He has jerked off in so many socks I am surprised he doesn't have athletes dick
You are two creepy Justin Bieber quotes away from me not talking to you for the rest of the day
If I had a pelvic thrust emoticon, I would use it
I saw the video from Saturday. So, how much did I drink for me to think I was a duck and strip my clothes?
whatever a "slut portfolio" is, mine is apparently almost complete
Im sleeping in your bed. Sorry for the sand and the noise and the loud people. Im starving
Your blankets are not drunk friendly
Your drinking has interfered with your drinking. I bet you could get a scholarship to a rehab. Thats pro-level
I was about to attempt a citizen's arrest on my RA
You had a fry stuck to your face... Every five mins you would wake up, take a bite, put it back then fall asleep again...
I am pretty sure I just put SoCo in the bird feeder
I'd marry him just to keep his penis in the country
the only thing she has in her apt so far is toilet paper and shot glasses. you can see where the priorities lie.
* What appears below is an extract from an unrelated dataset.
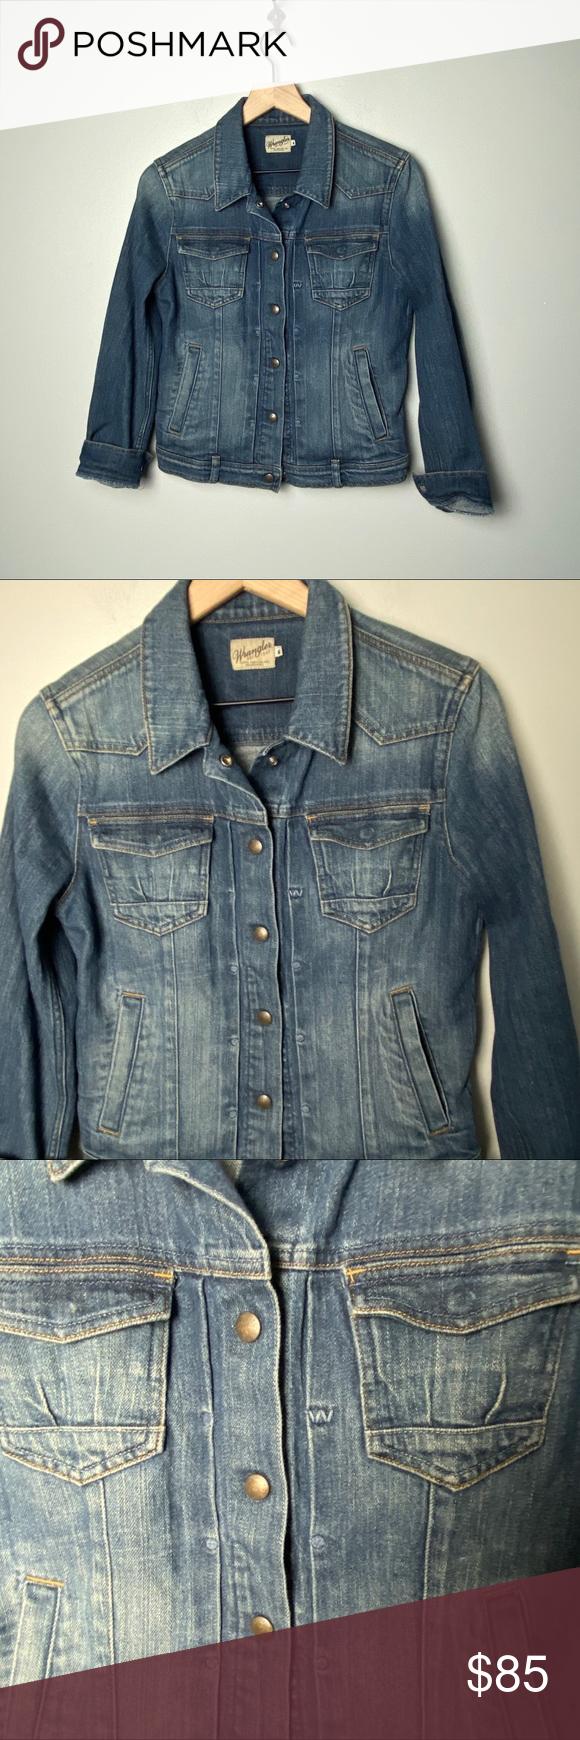 Wrangler Special Edition Premium Jean Jacket In M Wrangler Premium Jean Jacket Special Edition Throwb Premium Jeans Vintage Denim Jacket Vintage Wrangler Jeans [ 1740 x 580 Pixel ]

And he's back on taking these stupid testosterone supplements to kickstart him back into working out. And they just make him angry and horny all the time. I'm like great, just in time to meet my whole family for Christmas.
Woke up in a fanny pack with a bag of cocaine on my cheek
I can't come. It's so cold my uterine walls have frozen together like a cherry popsicle.
And when were you going to tell me to stop dancing on his coffee table singing "come on irene?"